Sure. Okay. Just lastly, if I could, in terms of the double-digit consumer growth, how much does Upstart play into that? You know, is it the majority of growth? You know, what sort of yields, average yields are you getting there?
This is Rick Wright. On the Upstart side, I'd say we're just starting to grow that, although it's been a fairly substantial front-end effort on that. I would say that Spring EQ and Upstart together will account for a significant amount of that growth. We're doing a lot of production in the other areas, but the runoff, the pay downs, the use of the line of credit lines are still headwinds. The basic answer is Upstart and Spring will be a lot of it.
Yield?
The yield is in the mid sevens on Upstart.
Got you.
Frank, just to clarify, that's a bottom line NIM. The growth yield on those products are 12%-13%.
I'm sorry. Say that. The loan yield is 12%-13%?
Correct.
Okay.
The growth. Yeah.
That's Upstart as opposed to obviously that's not Spring EQ, that's Upstart yields.
Correct.
Correct.
Okay.

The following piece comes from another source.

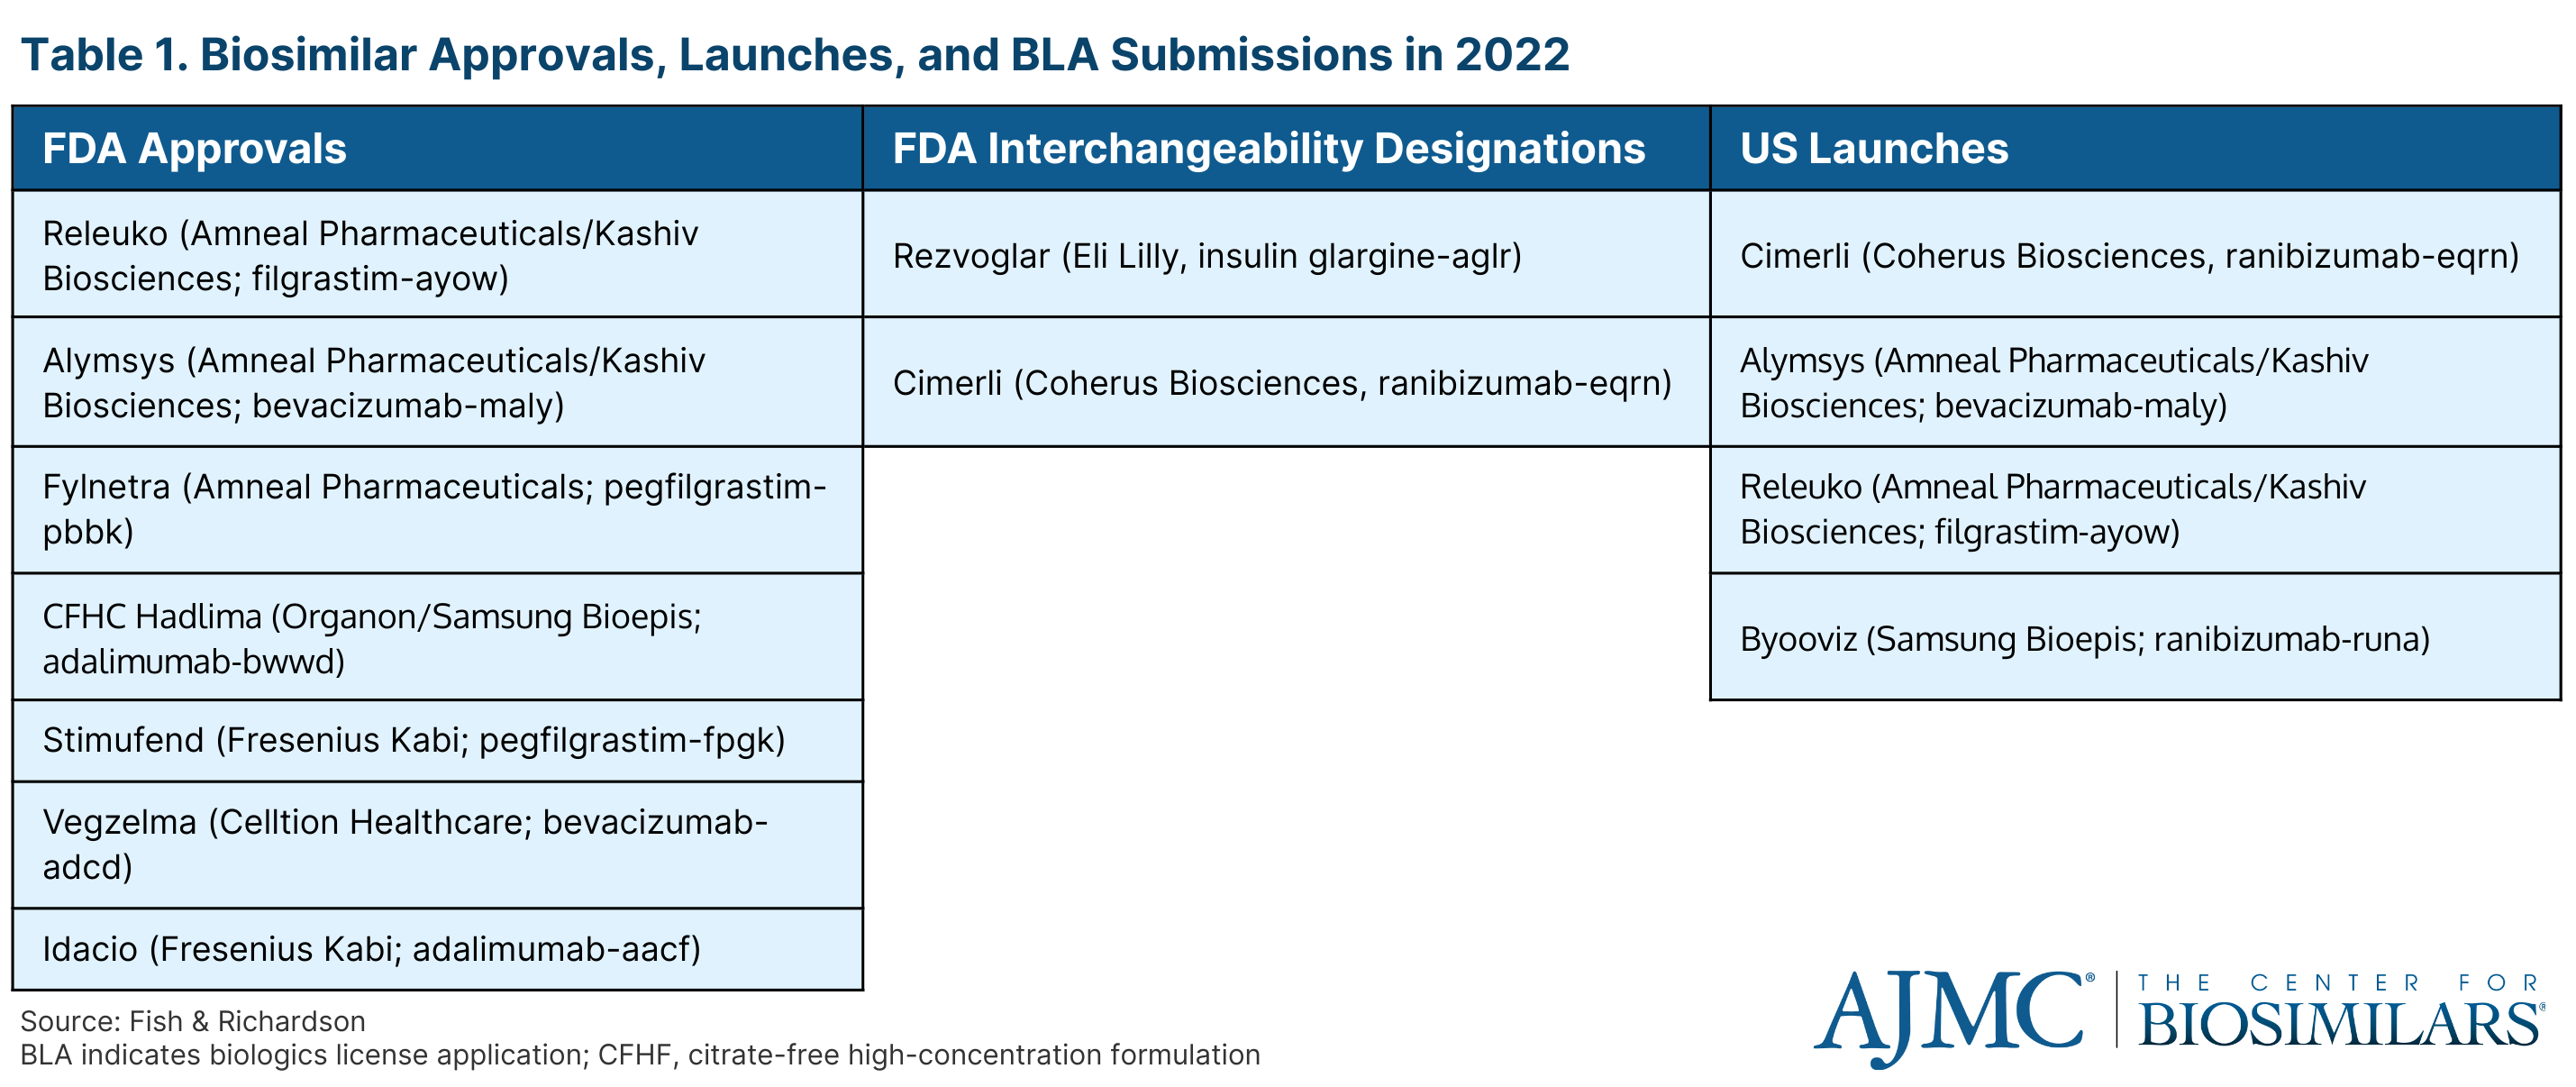 Table 1. Biosimilar Approvals, Launches, and BLA Submissions in 2022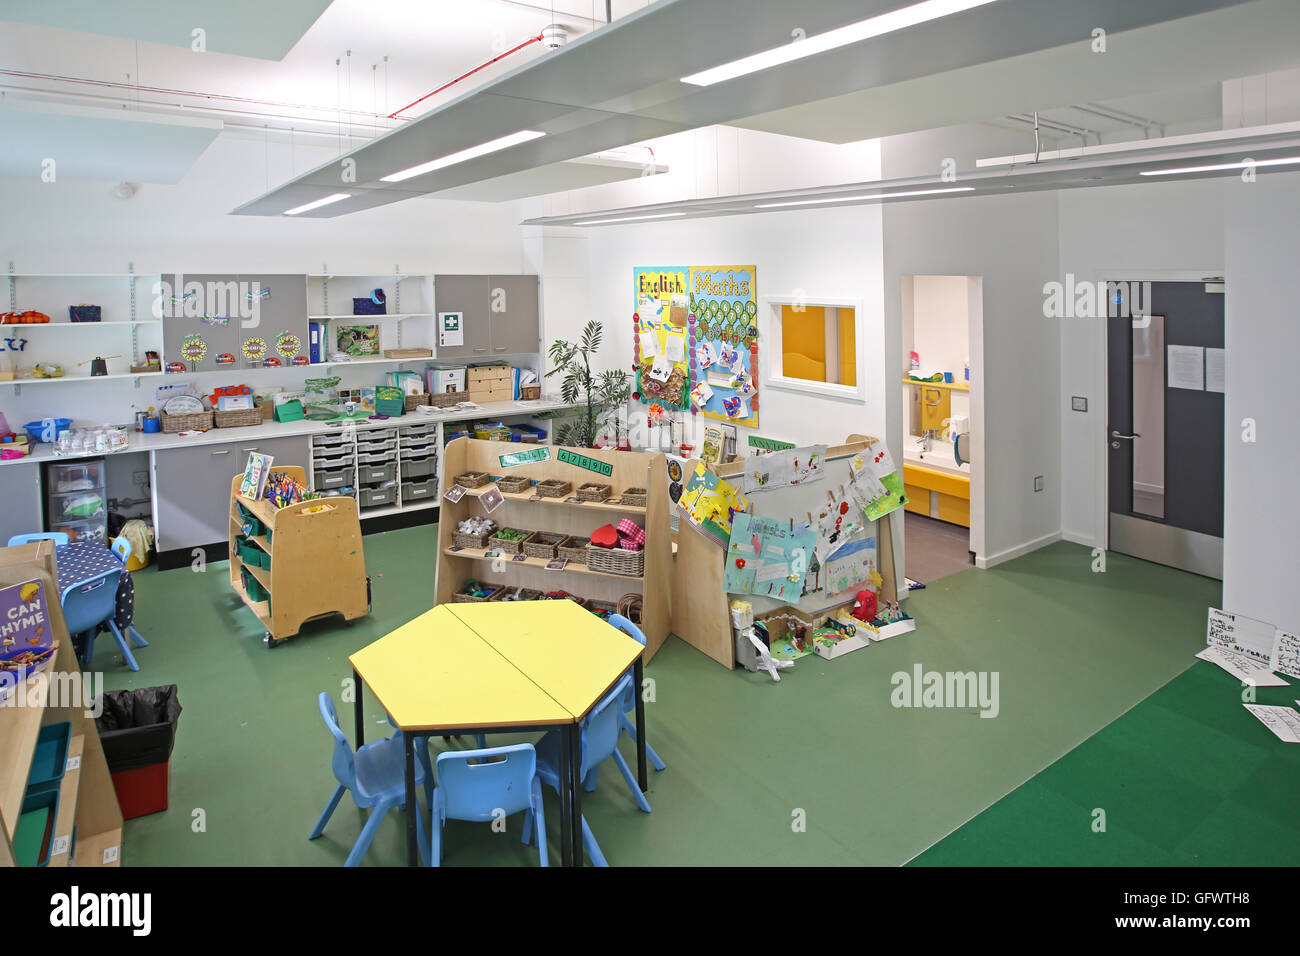 Nursery classroom in a new, London primary school. Shows desks and chairs with pupil's artwork on the walls Stock Photo

Thank you.
Thank you. Our next question comes from the line of Michael Perito with KBW. Your line is open, sir.
Hello. Can you guys hear me?
Yeah, Michael. We got you, Mike.
Great. Sorry. Thanks for taking my questions. I had a couple places I wanted to touch on. Just number one, on the Bryn Mawr side. Rodger, I was curious if you could just provide some updated commentary around kind of key employee and customer retention with the transaction now closed. Just generally speaking also on top of that, you know, what the kind of hiring pipeline in that greater Philadelphia market looks like, which is something I think you guys had some nice momentum on leading into that transaction.
Yeah. Thanks for the question, Mike. I think on the customer side, things are going really well. We really haven't seen any attrition, you know, to any degree at all on both the consumer, commercial and wealth, you know, businesses. There's been a few folks in the wealth and the commercial side that have left. I'd say it's all RMs and customer-facing folks. I'd say it's all very manageable and to be expected when you go through a combination like this and a number of the positions have already been, you know, backfilled. Looking out in terms of, you know, future ads, particularly on, you know, commercial RMs.
I think we're cycling into that point in the year, particularly as you get past, you know, bonus time and others, that those conversations, you know, will heat up again. They've been happening kind of informally up till now. You know, as we said when we made the announcement, I think, you know, Bryn Mawr only makes us a more attractive landing spot, particularly for somebody who's at a larger bank, and isn't happy for whatever reason. You know, we'll continue to look to, you know, invest in bringing talent, you know, over to the extent that we think it can be additive to what we already have.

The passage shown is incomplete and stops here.